Aim of the task: Output, word for word, the line that contains "Black & Decker" and all lines following it to the end of the listing. Drop the pictures.

Supplied data:
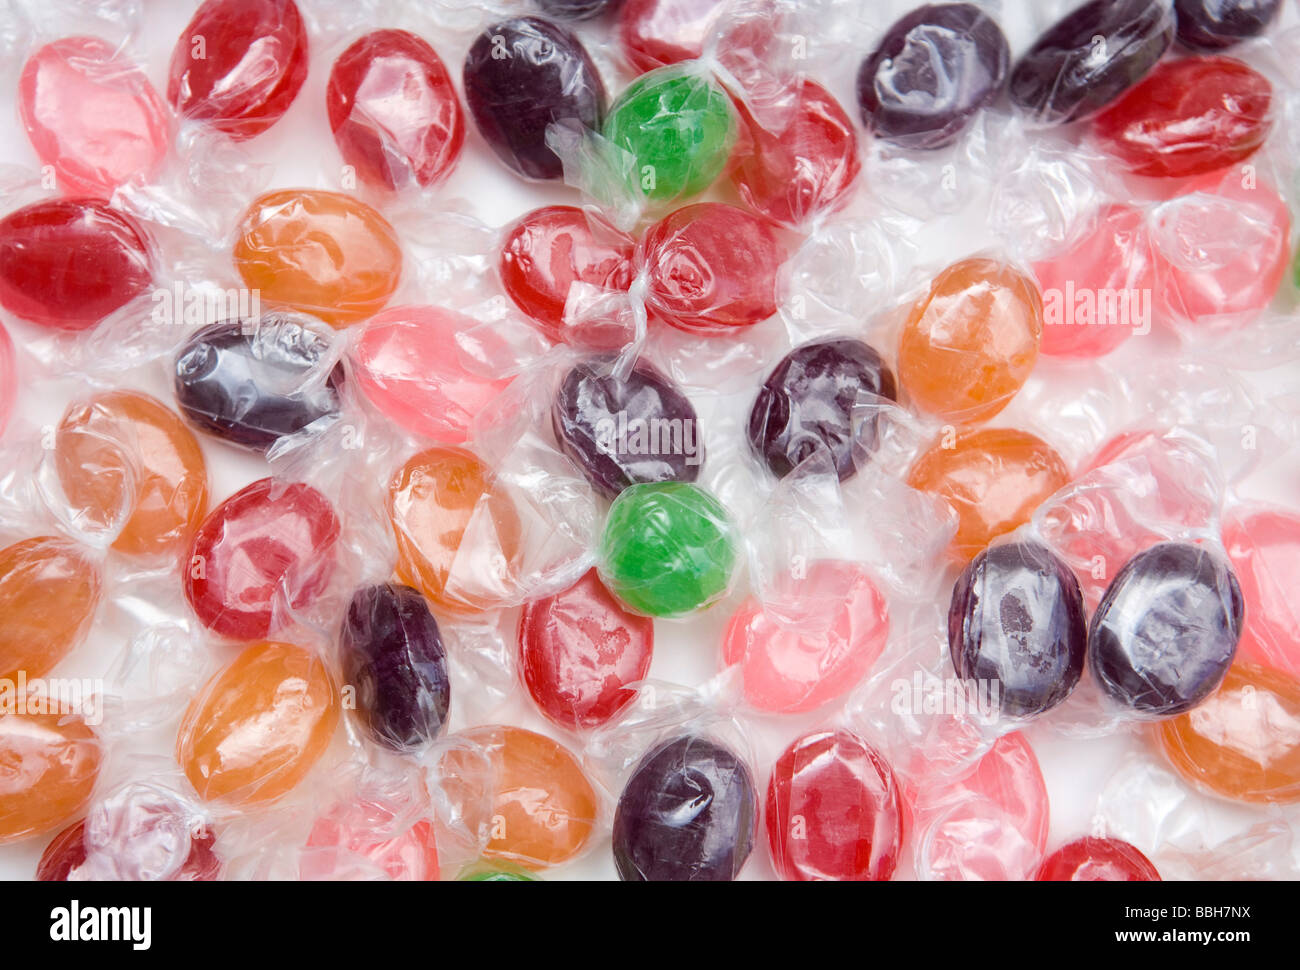 Hard Candy Candy-Verkäufe in den USA blieben trotz stark eine Preiserhöhung auf Süßigkeiten auf der ganzen Linie. Stockfoto
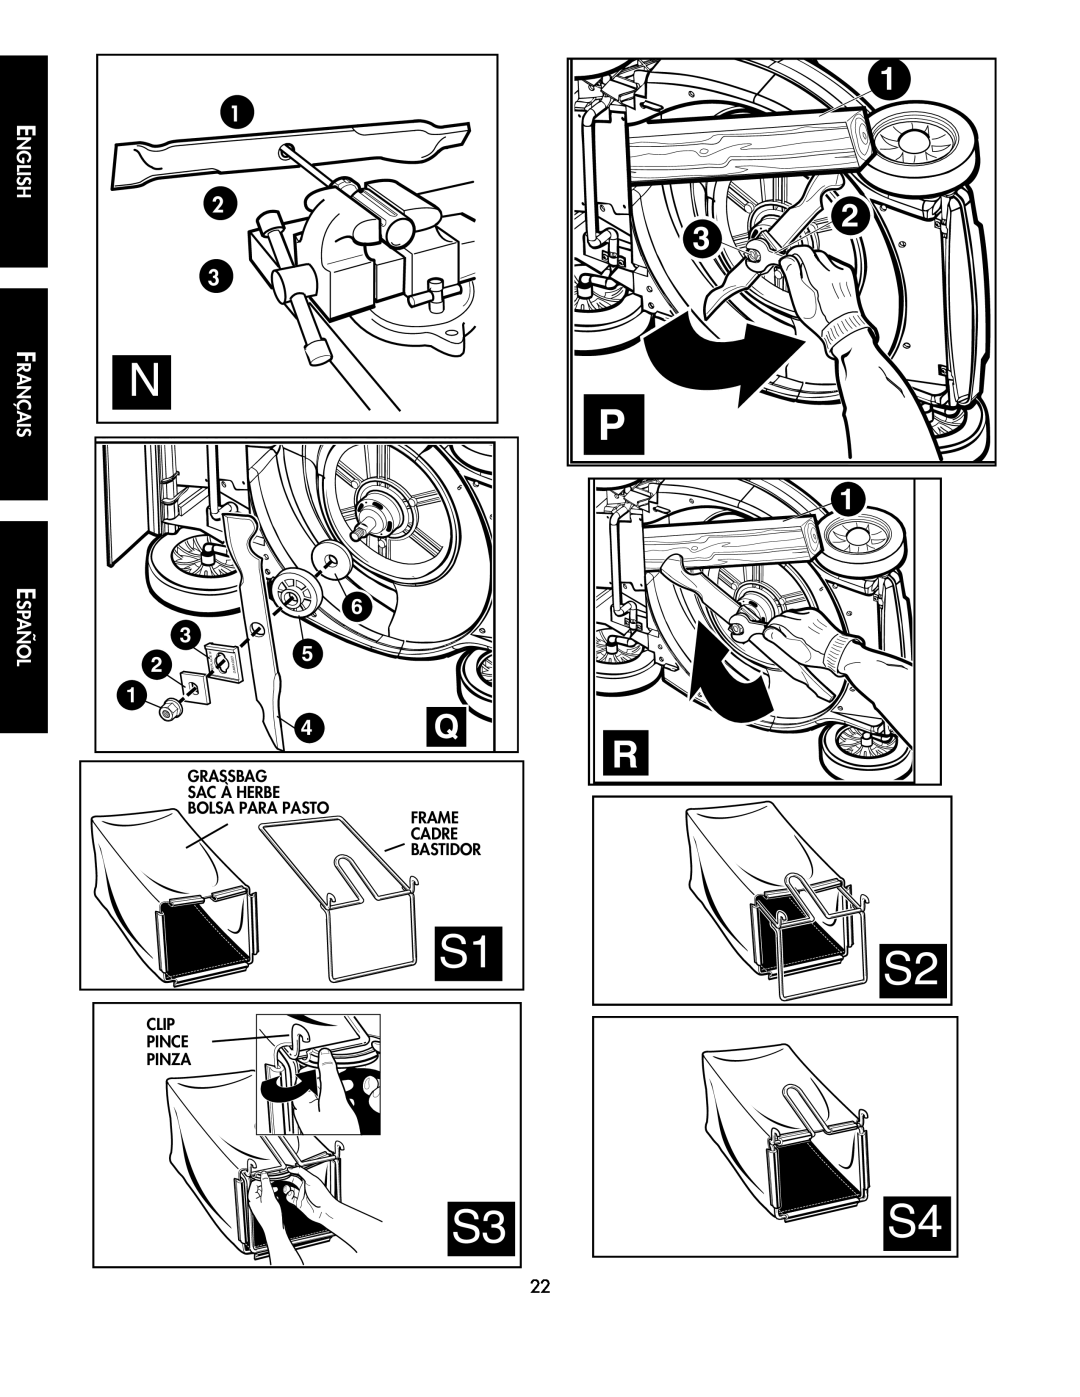 Black & Decker CMM1000 instruction manual Français, English, Español, Replace, Sac À Herbe Bolsa Para Pasto, Frame Cadre 
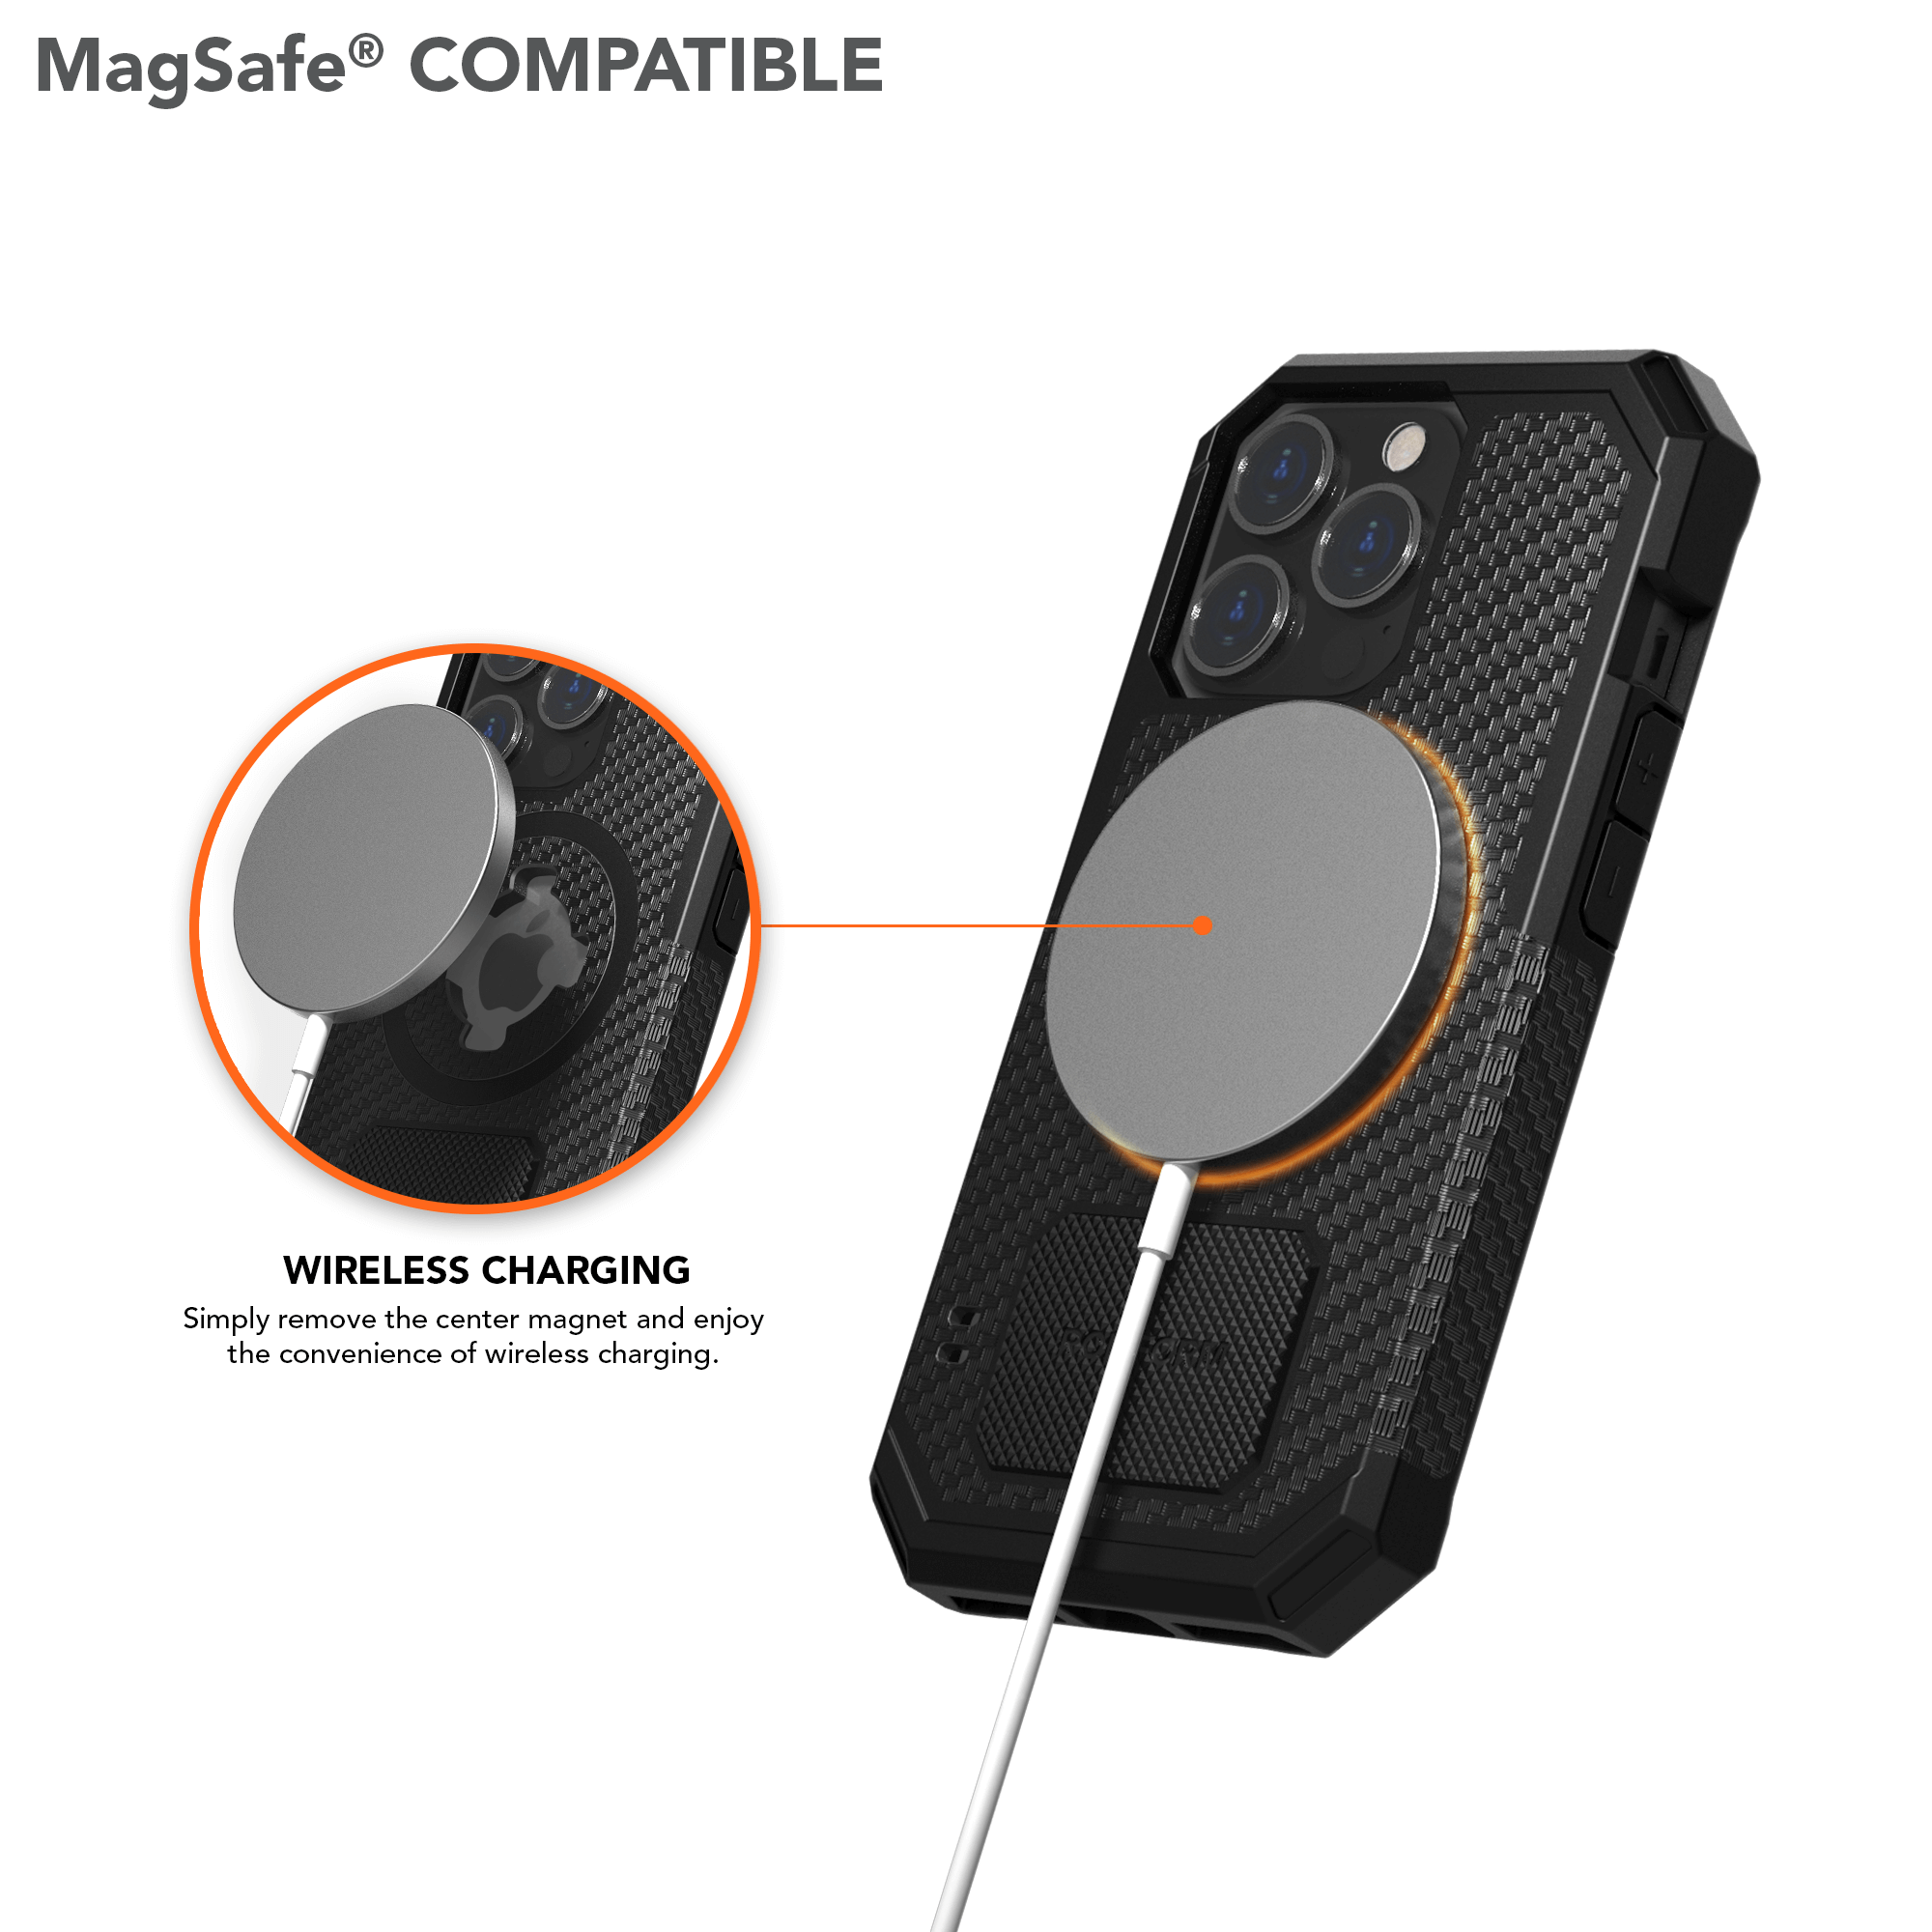 MagSafe Magnet Wandhalter iPhone Zubehör online kaufen

Response area:
 Black & Decker CMM1000 instruction manual Français, English, Español, Replace, Sac À Herbe Bolsa Para Pasto, Frame Cadre 
 MagSafe Magnet Wandhalter iPhone Zubehör online kaufen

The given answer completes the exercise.